New Zealand Extends Heated Tobacco Tax Cut to 2027
A controversial tax break for Heated Tobacco Products (HTPs) in New Zealand, primarily benefiting tobacco giant Philip Morris, has been extended for an additional two years, pushing a planned evaluation of its effectiveness to July 2027. The initial tax cut, which halved the excise duty on HTPs in July 2024, was introduced by NZ First Associate Health Minister Casey Costello as a one-year trial, with the stated aim of encouraging smokers to switch from more harmful combustible cigarettes to these potentially less risky alternatives.
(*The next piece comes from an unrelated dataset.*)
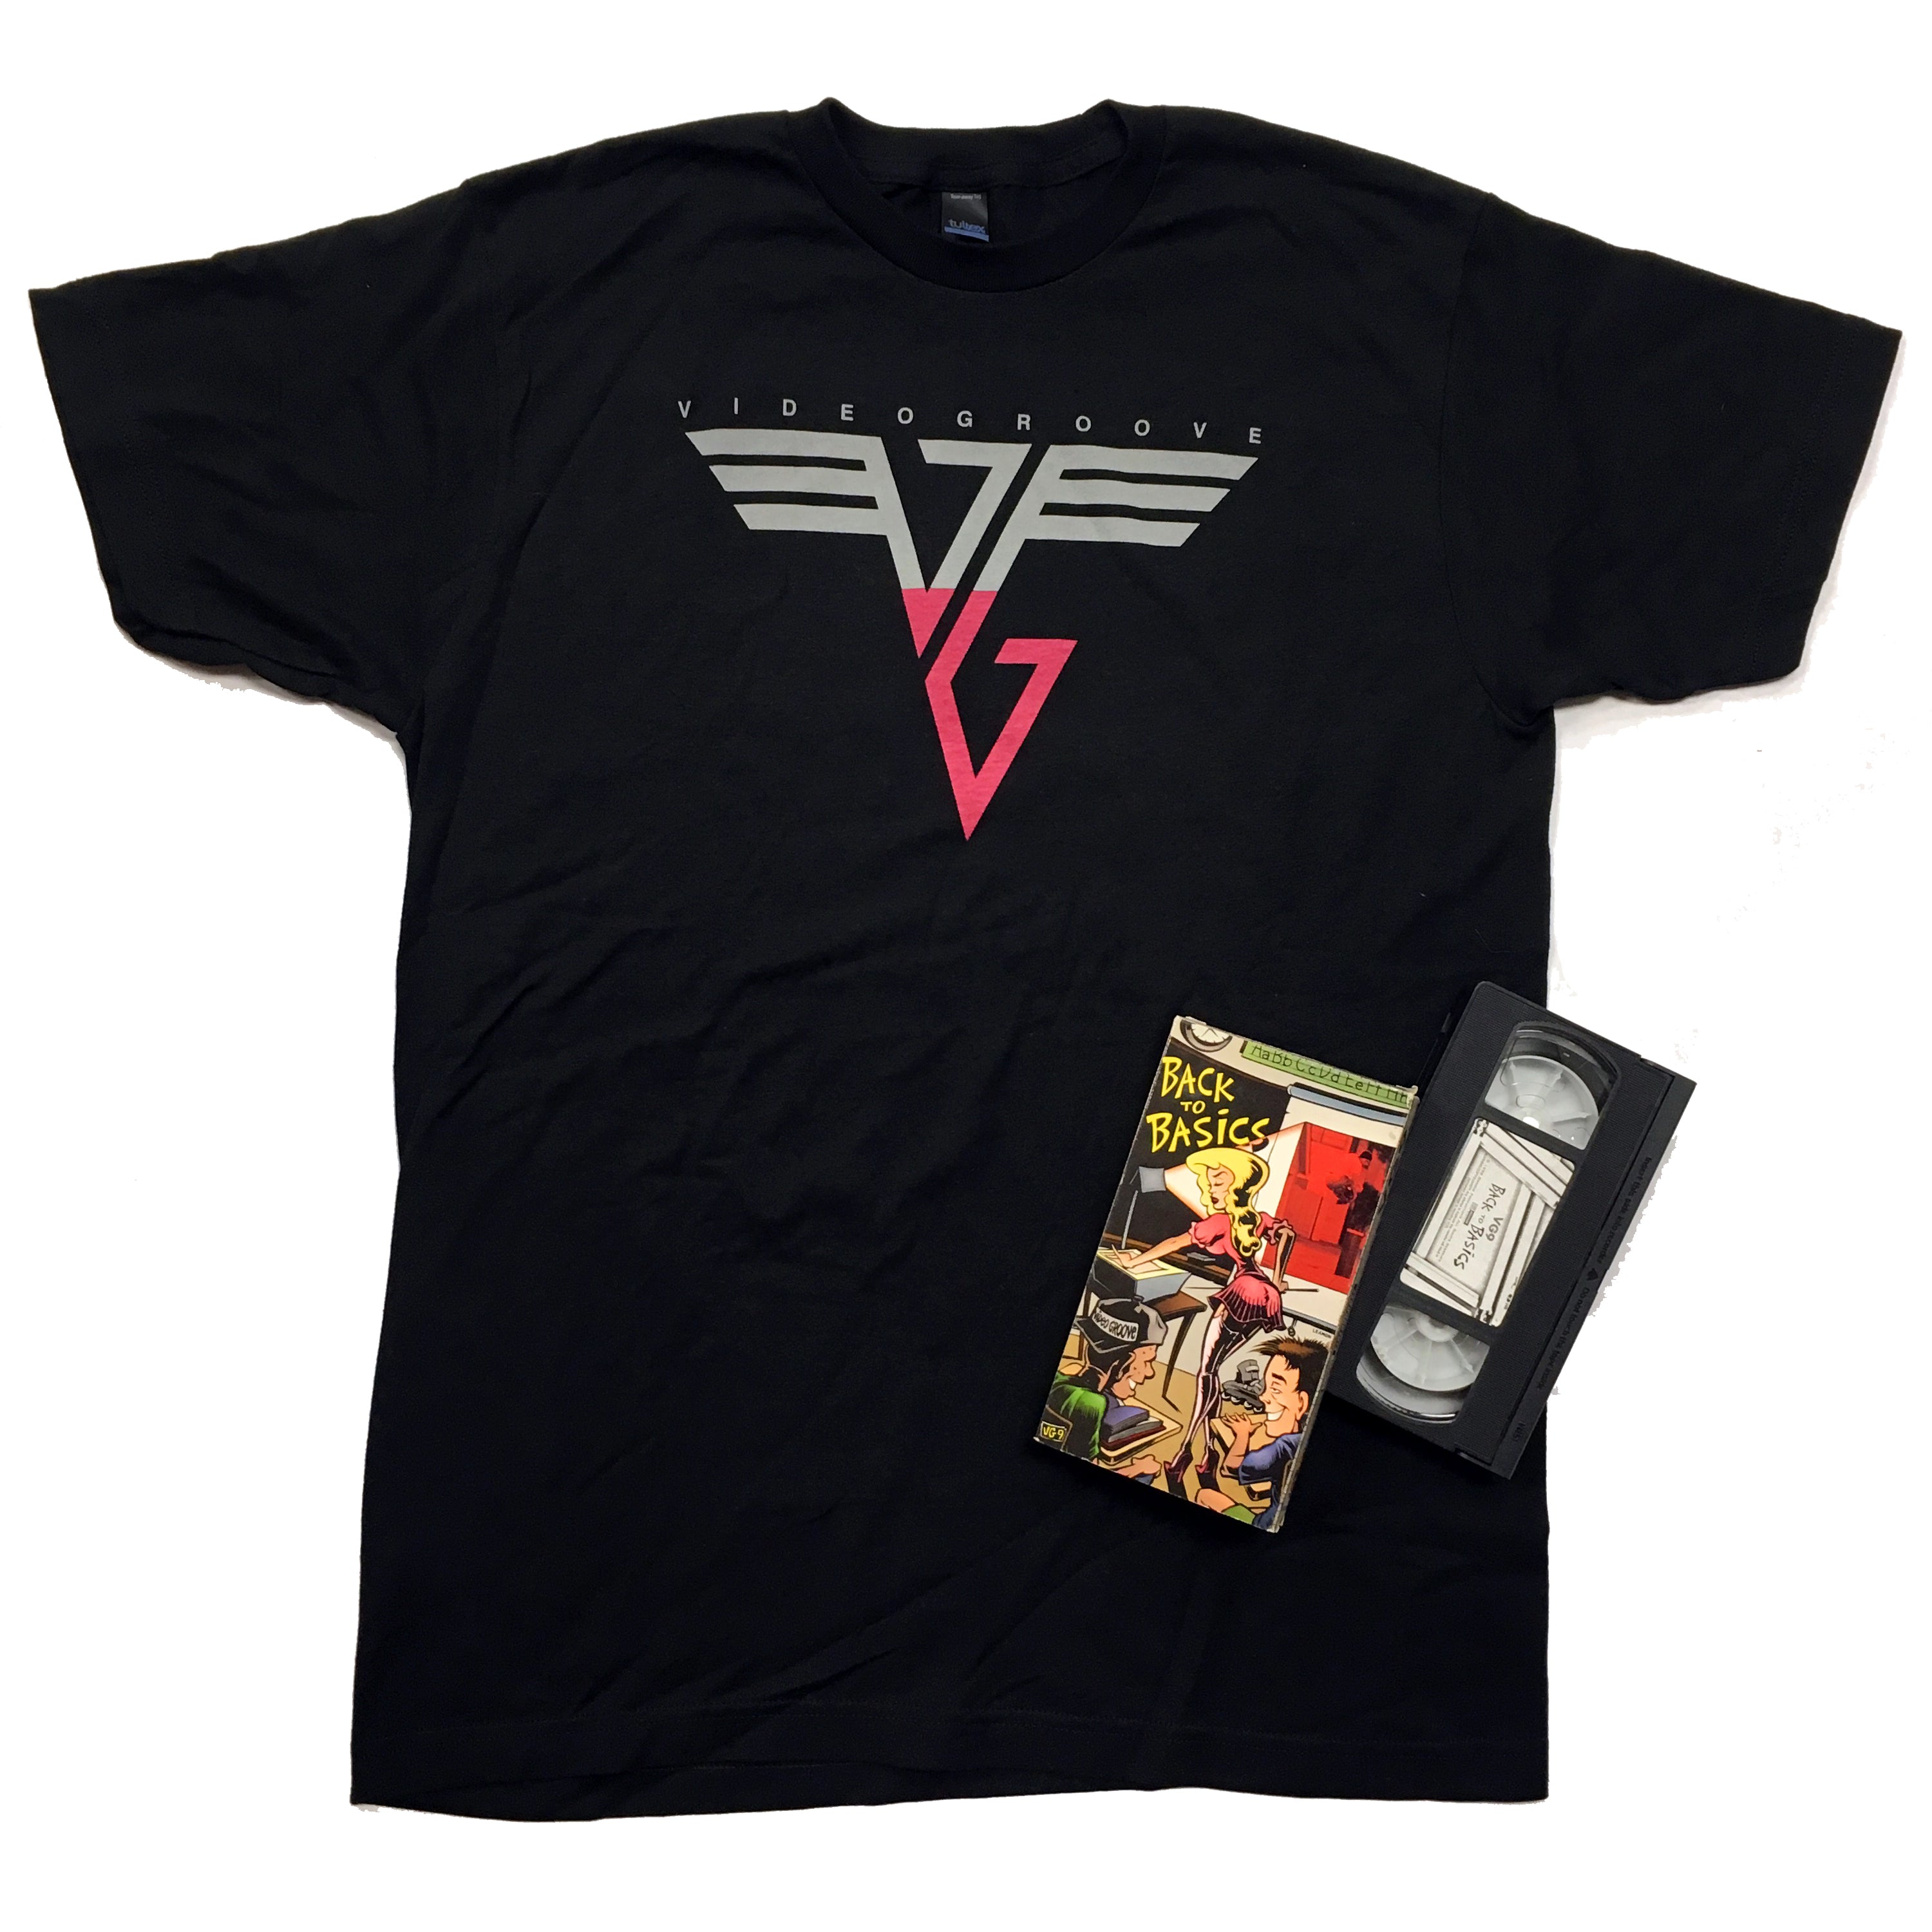 VG Van Halen shirt

However, the extension has drawn sharp criticism from the opposition and public health advocates, who label the promised evaluation a “total sham” and question the government’s priorities at a time of strain on the health system. Labour’s health spokesperson, Ayesha Verrall, condemned the move, stating, “This government has the wrong priorities. It is giving tax breaks to tobacco companies now valued at over $300 million and the evaluation they promised, to check that it was helpful, is a total sham.”
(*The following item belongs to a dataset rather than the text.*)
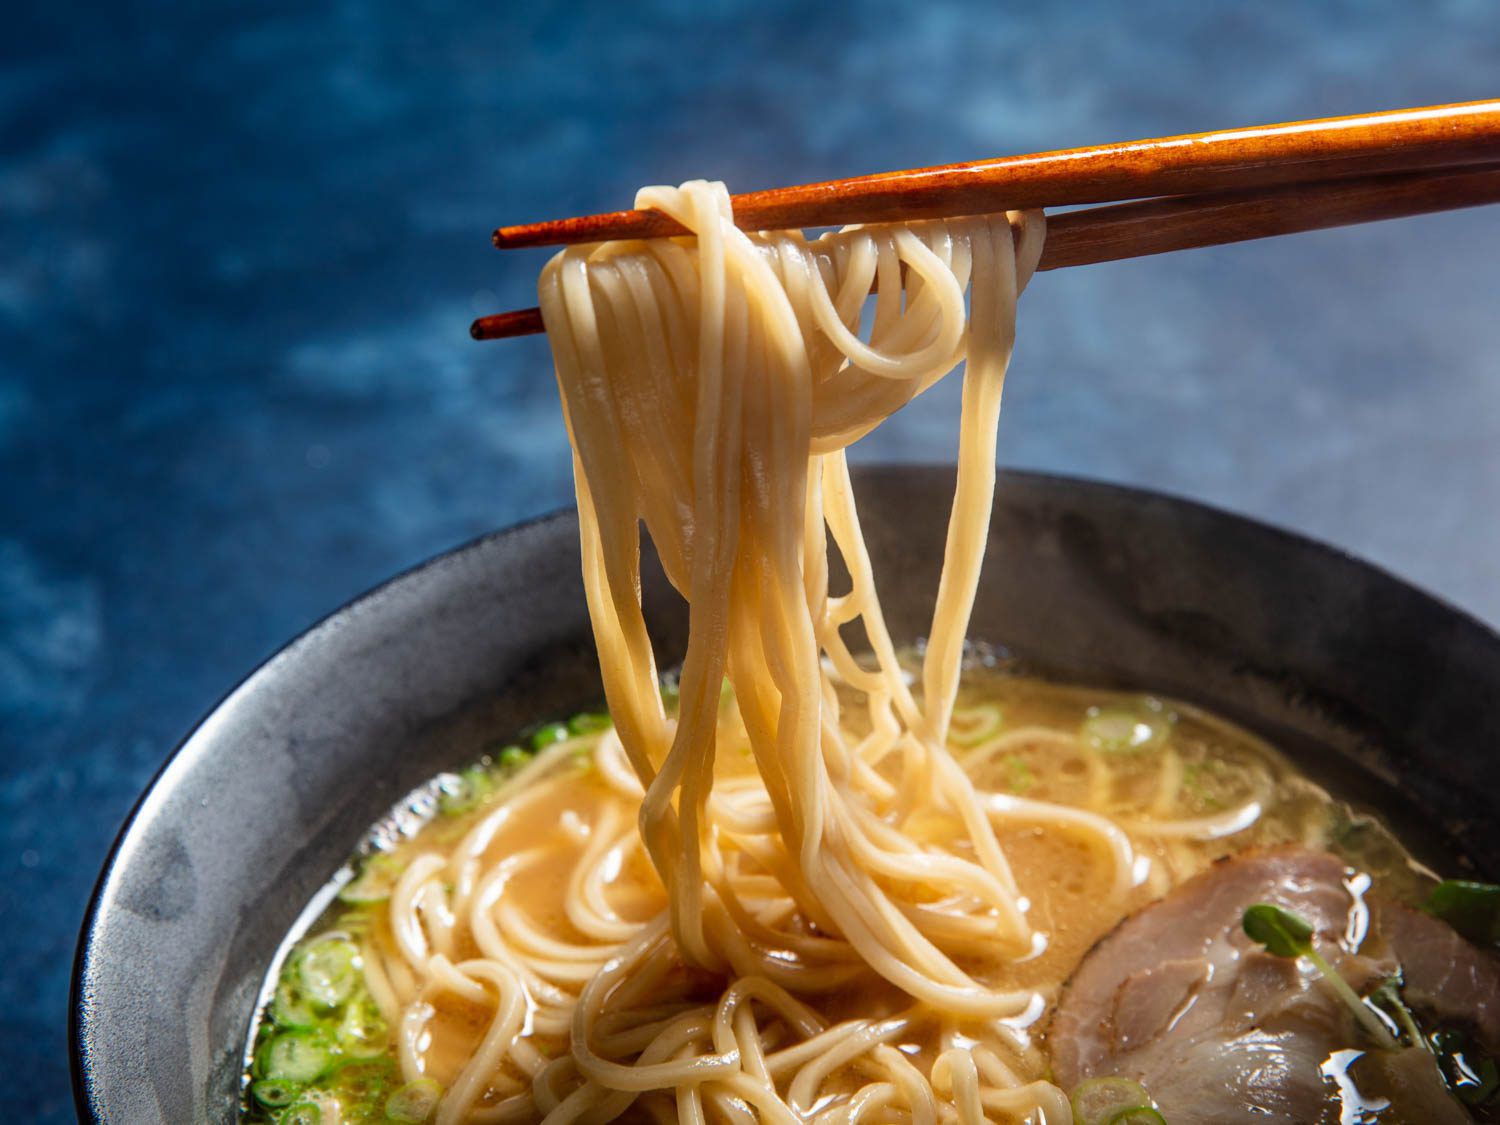 用筷子从一碗拉面中夹出自制的碱性面条

Justification for the Extension: Market Unavailability
Minister Costello’s office defended the decision to extend the tax cut trial, explaining that an evaluation after the first year would be “meaningless.” This is because Philip Morris had to withdraw its flagship IQOS HTP device from the New Zealand market for several months last year after it failed to comply with new safety regulations requiring vaping devices to have a removable battery. A spokesperson for the Minister stated, “There wasn’t an evaluation because of the withdrawal of HTPs from the market… Any report back would be meaningless as the cheaper HTPs were only available for two months.”
The requirement for removable batteries has since been ditched by Minister Costello, a move she said was necessary to resolve legal action from Mason Corporation, which owns the Shosha vape store chain. With HTPs now returning to the market, the government argues that extending the review period to July 2027 will provide more substantial market data to properly assess whether a “sustained price reduction encouraged uptake by smokers” and helped reduce overall smoking rates. The evaluation will also reportedly look at whether HTPs encouraged smokers away from even safer alternatives like vapes and the extent of any “unintended uptake by young people.”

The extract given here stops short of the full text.